Web 2.0 and Process Mashups

In recent years, Web services technology has emerged as a highly used architectural paradigm for application development. The idea of being able to reuse existing software components remotely and mix-match them to build new applications has been well documented and supported for the world of professional developers.

However, this powerful idea has not been transferred to end-users who have limited or no computing knowledge. For example, current search engines specialised in Web services discovery are targeted at users with expertise in Web services specifications and writing Web service client programs. Similarly, existing Web services composition tools require users to understand programming logic and Web APIs.
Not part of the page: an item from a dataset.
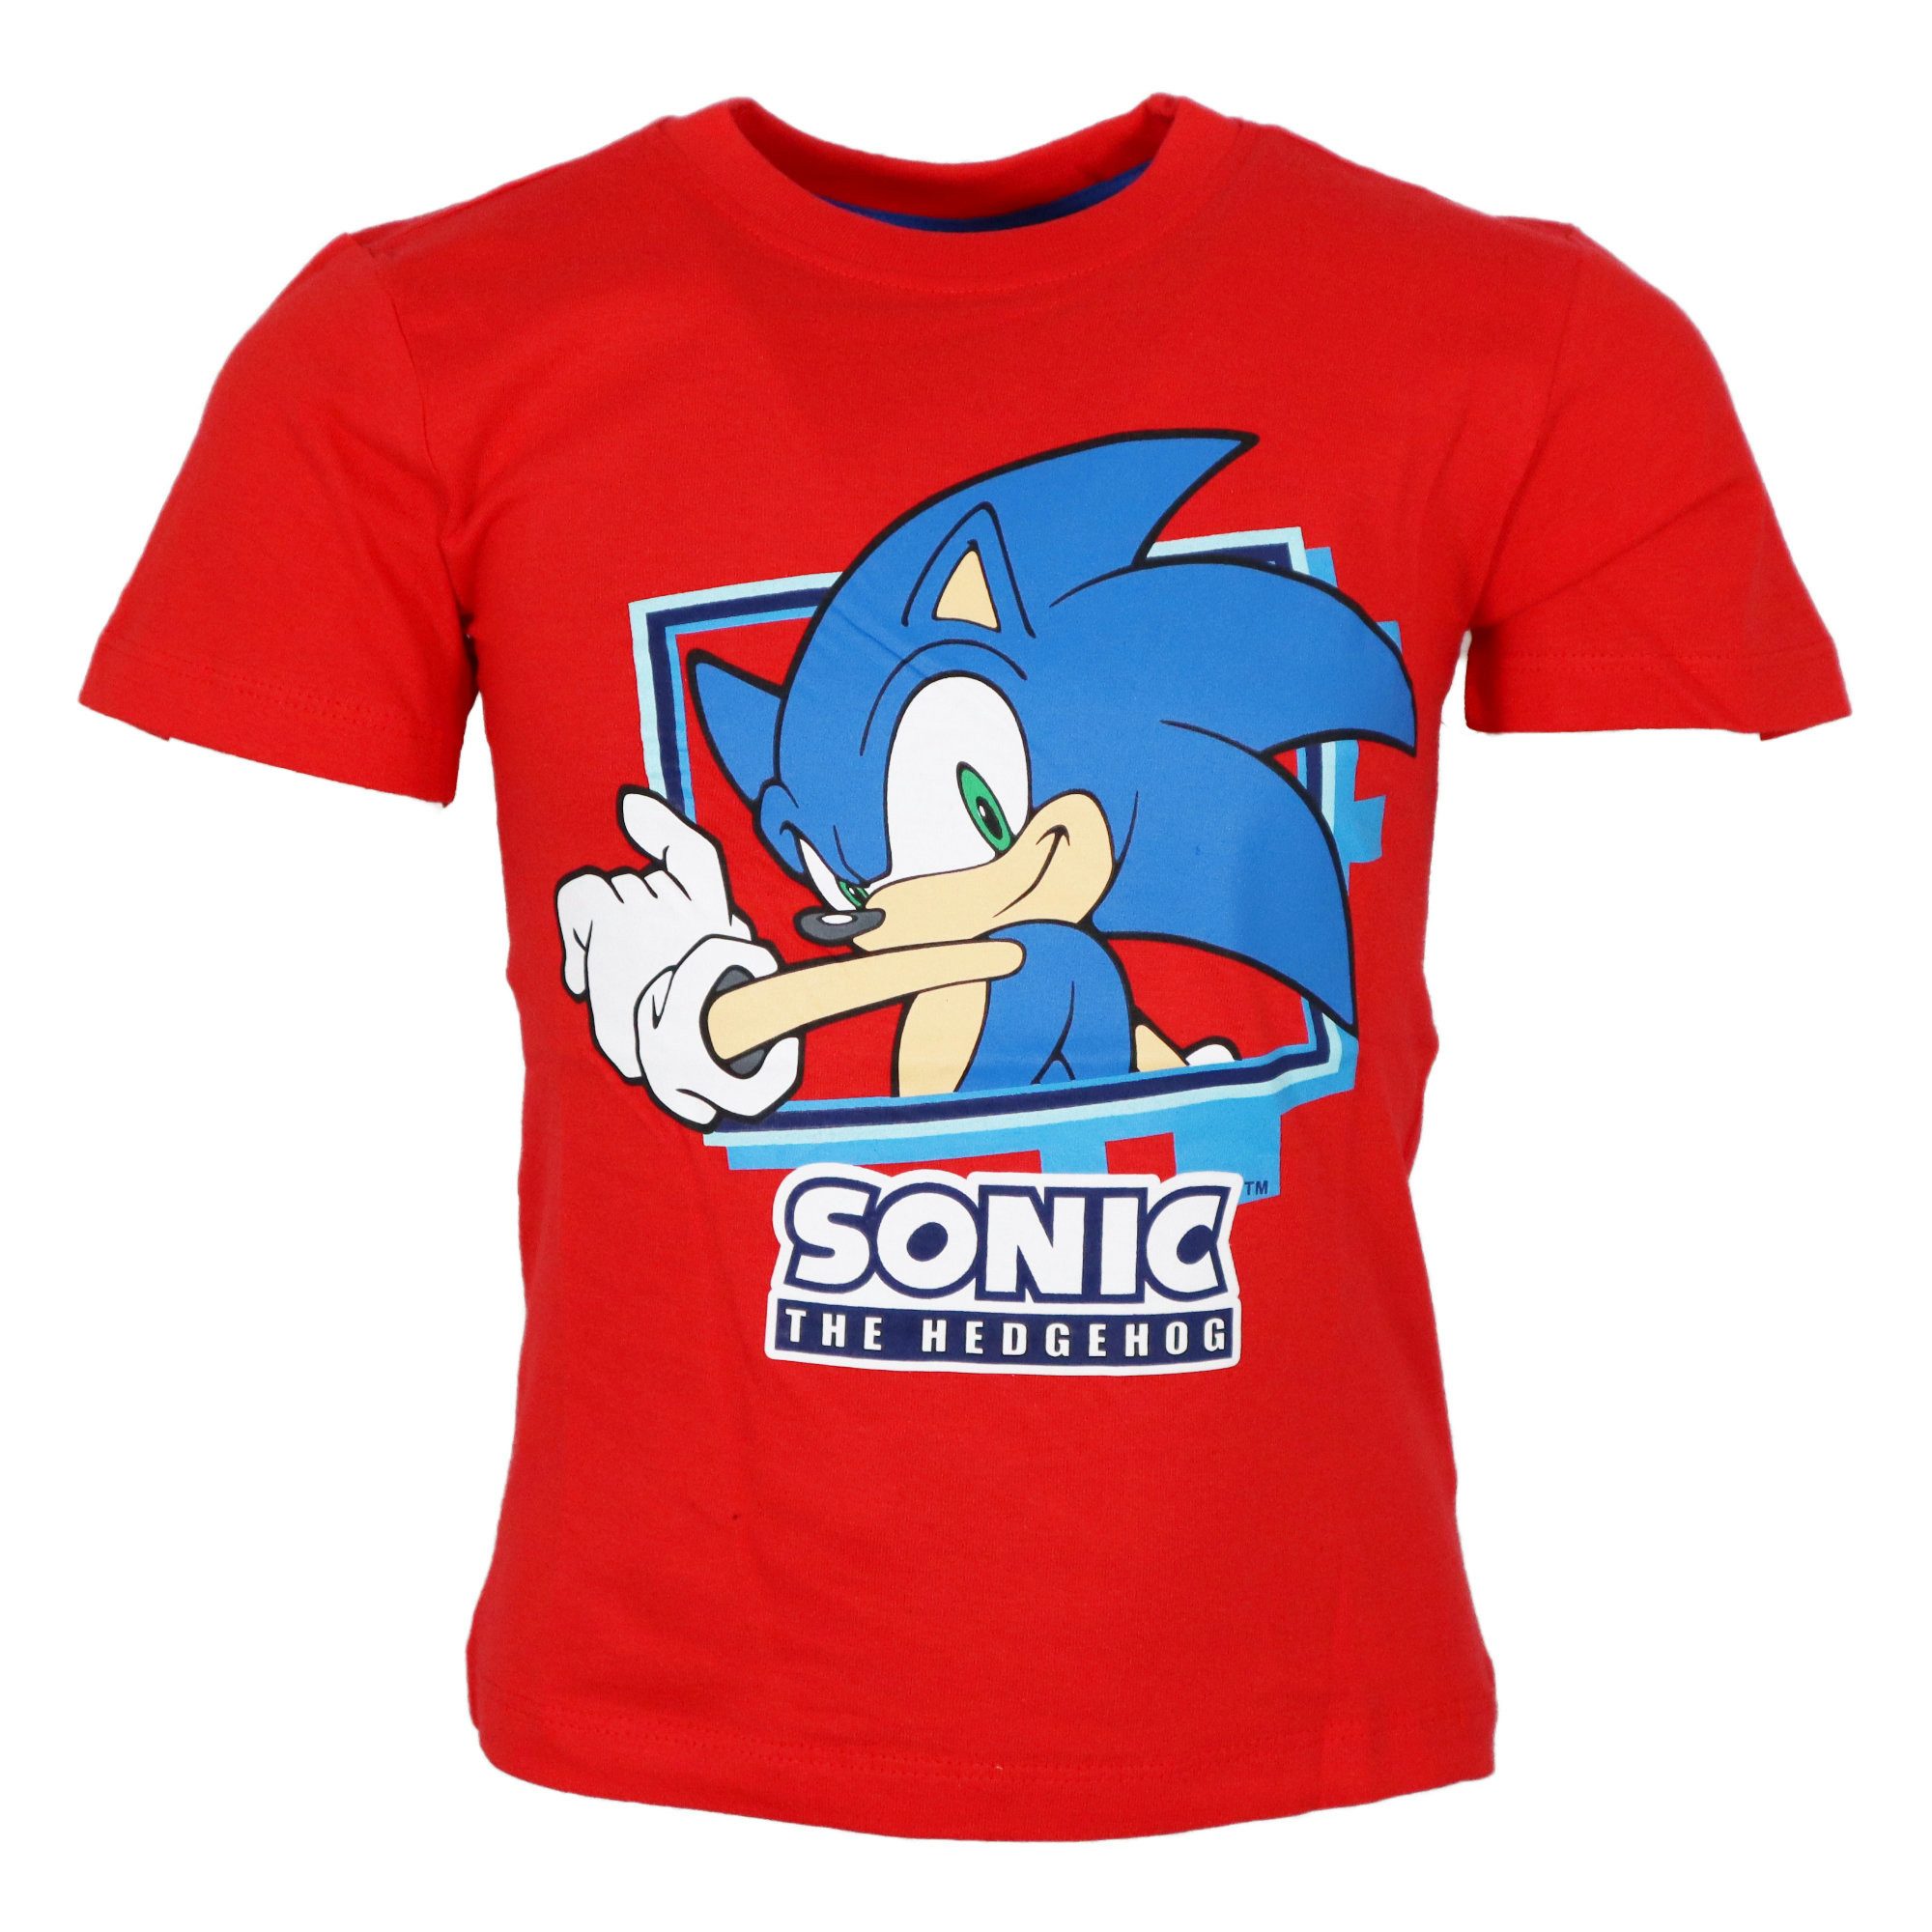 Sonic The Hedgehog Print-Shirt Sonic The Hedgehog Kinder Junge kurzarm T-Shirt Shirt Gr. 98 bis 128, Baumwolle

Nevertheless, Many of the online ’services’ are targeted to the end-users who, increasingly, rely on technologies to complete daily activities. For example, when faced with an event such as watching a movie, a person may go to a web page to read movie reviews, use a set of Web services to book a ticket online and invite friends to the event by sending email messages. Ideally, users should be able to perform all of these activities from a single location. They should also be able to redo these activities whenever they have a movie event again.

There is currently no systematic approach for end-users to intuitively define, execute, search, reuse and share their knowledge around daily and repetitive activities In this project, students explore the Web 2.0 style mashup technique as a means to compose services.

You could watch the demo on YouTube video:

A Bill Organiser Portal (Video Demo)

VicKi: A Calendar-Based Personal Task Composition and Sharing System (Video Demo)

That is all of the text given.